INDIVIDUATION: D É TACHMENT ET PASSER À L'ACTE

1) Poisson Noétique: David Foster Wallace et l’individuation

Commençons avec une petite histoire: Il y a ces deux jeunes poissons en train de nager et par hasard ils croisent un vieux poisson sage qui remonte le courant, qui leur fait signe de la tête et qui dit “Salut les jeunes, l’eau est-elle bonne?” Les deux poissons nagent un peu plus loin, et enfin l’un regarde l’autre et dit “Qu’est-ce que ça peut bien être, l’eau?”

Cette histoire est tirée de THIS IS WATER, un discours fait par David Foster Wallace à la cérémonie de la remise de diplômes à Kenyon College en 2005 (texte anglais ici). Le discours décrit aux jeunes diplomés “l’ennui, la routine, et la frustration mesquine” qui les attendent dans la vie d’adulte, et les prévient contre le danger d’aborder cette vie dans un état d’inconscience. Au lieu de marquer une étape vers une individuation encore plus intense et soutenue, la remise de diplômes risque de présager l’entrée dans un processus de désindividuation mortifère. THIS IS WATER (C’EST DE L’EAU) est un manuel de survie existentielle: “Comment arriver jusqu’à 30 ans, ou même à 50 ans, sans vouloir se tirer une balle dans la tête”.

Ce discours est d’autant plus poignant que, à peine 3 ans plus tard, Wallace a mis fin à ces jours par pendaison, à l’âge de 46 ans. Ici il faut être très prudent. Il ne faut pas évaluer les propos de Wallace ici, et d'autant moins interpréter son œuvre entière, à la lumière de son suicide. Le philosophe Gilles Deleuze nous a mis en garde contre”le point de vue de la fin”. Selon lui, c’est un mauvais procédé de juger la vie de quelqu’un à partir de ce qu’on sait de sa fin. Il faut plutôt juger une vie par la puissance et intensité qui la traverse, par la profondeur et l'étendue de l'individuation qu'elle incarne et des individuations psychiques et collectives qu'elle a pu favoriser ou déclencher. Car l’individuation est inséparable du danger, d’une série de dangers inhérents à l’entreprise même de l’individuation. Nous évoluons sur un “sol de démolition” selon Deleuze, et la mort est notre lot à nous tous, les mortels.

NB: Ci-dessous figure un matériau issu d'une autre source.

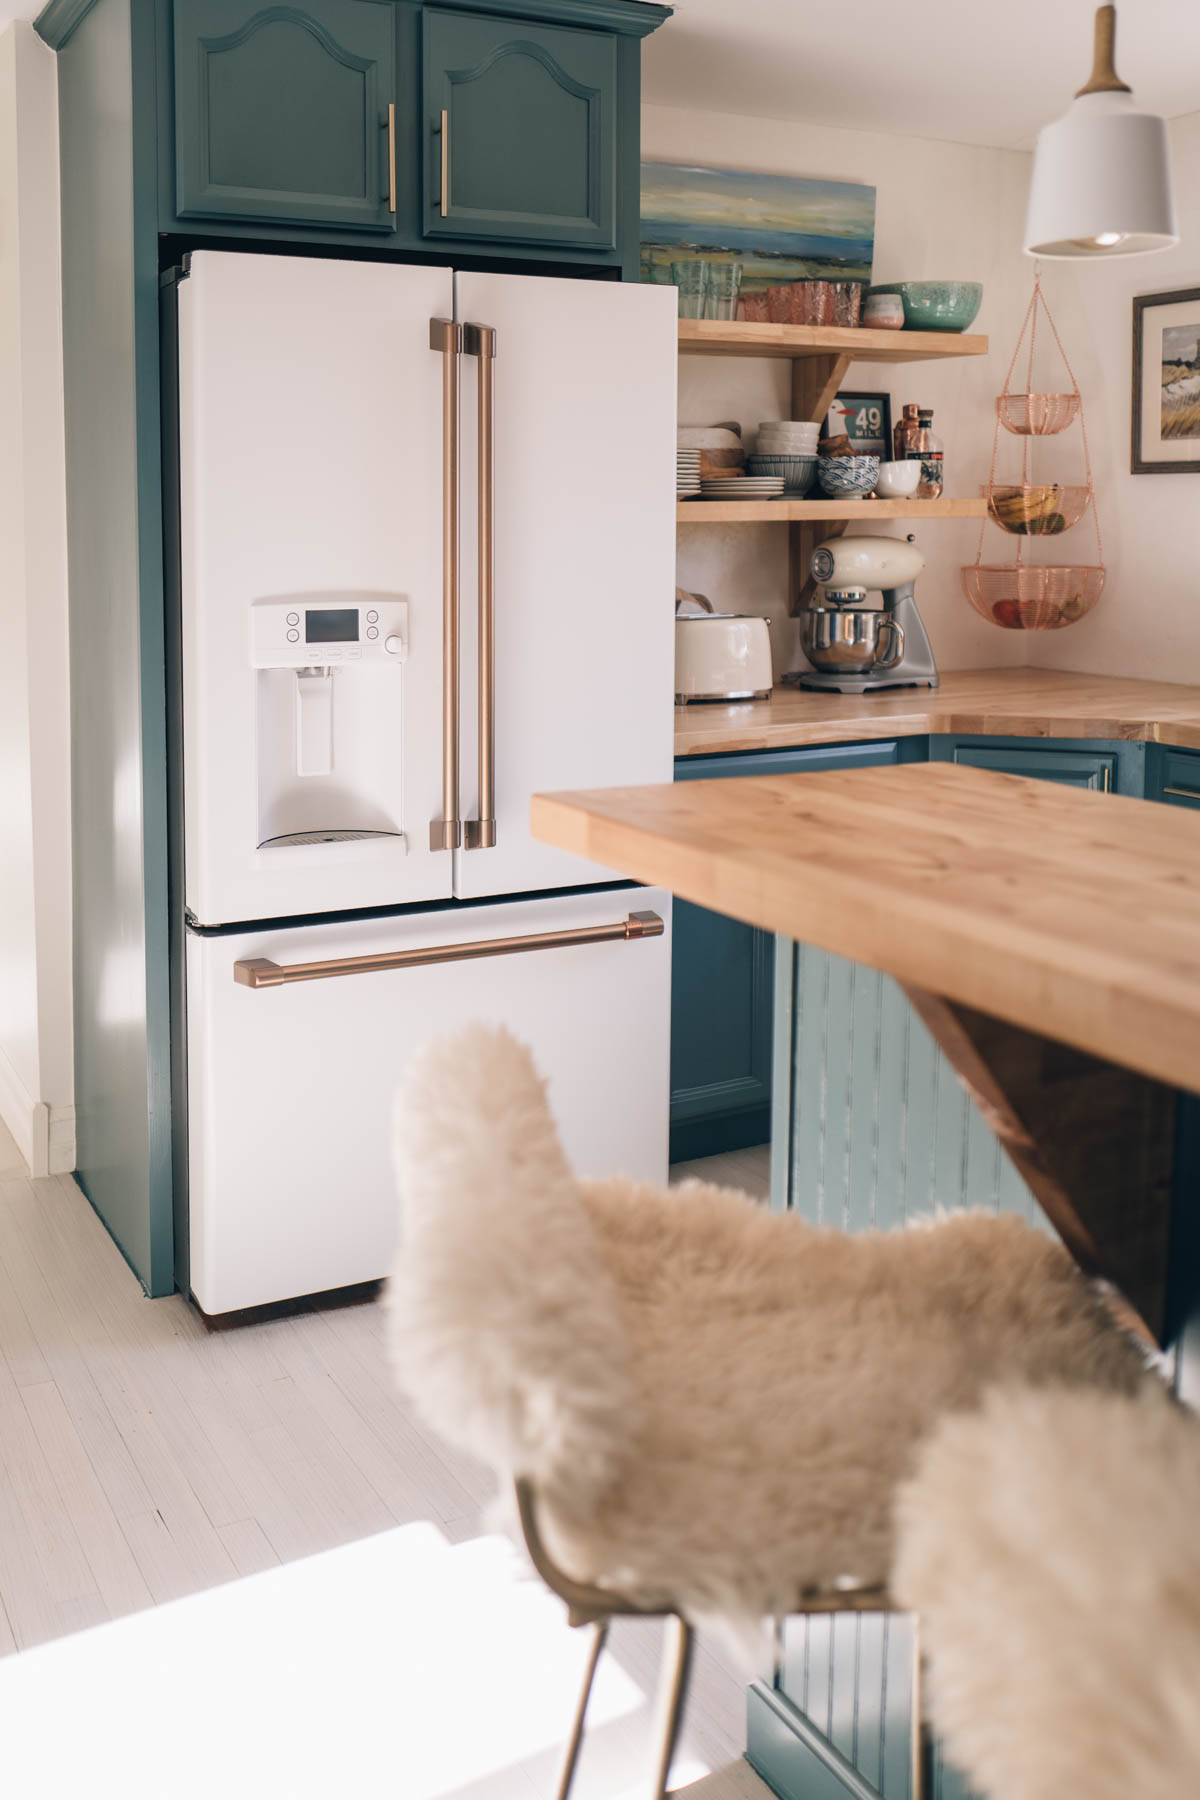 2019 kitchen design trends, warm hardware finishes and bold cabinetry colors in blue feauturing Cafe Appliances in Matte White with Brushed Bronze Hardware.

Un processus d’individuation peut toujours se retourner contre l’individu et le vider, le rendre fou ou bête, le pousser au suicide, ou alors le désindividuer presque complètement, ne laissant qu’un être conforme au système de valeurs collectif qui domine dans son milieu. Cette individuation mobilise des processus de “destruction créatrice” dont les résultats sont parfois imprévisibles. Au lieu de détruire nos chaînes et de nous éléver par un saut noétique vers la vérité ou la beauté ou la justice, vers des puissances plus que personnelles qui donnent sens à une vie, nous retombons dans la bêtise et la vie mesquine. Bernard Stiegler nous rappelle, suivant Aristote, qu'on n’accède au nous (νους) que par intermittence. Le reste du temps notre milieu, “l’eau” de l’histoire des 2 jeunes poissons, nous est imperceptible. C’est pourquoi DFW termine son discours avec une technique, une sorte de mantra, pour nous rappeler que nos certitudes et nos évidences sont relatives à notre milieu:

“La vraie valeur d’une réelle éducation n’a presque rien à voir avec les connaissances et tout à voir avec la simple conscience; la conscience de ce qui est si réel et si essentiel, si caché sous nos yeux, partout et toujours, que nous devons nous rappeler constamment: “C’est de l’eau. C’est de l’eau.”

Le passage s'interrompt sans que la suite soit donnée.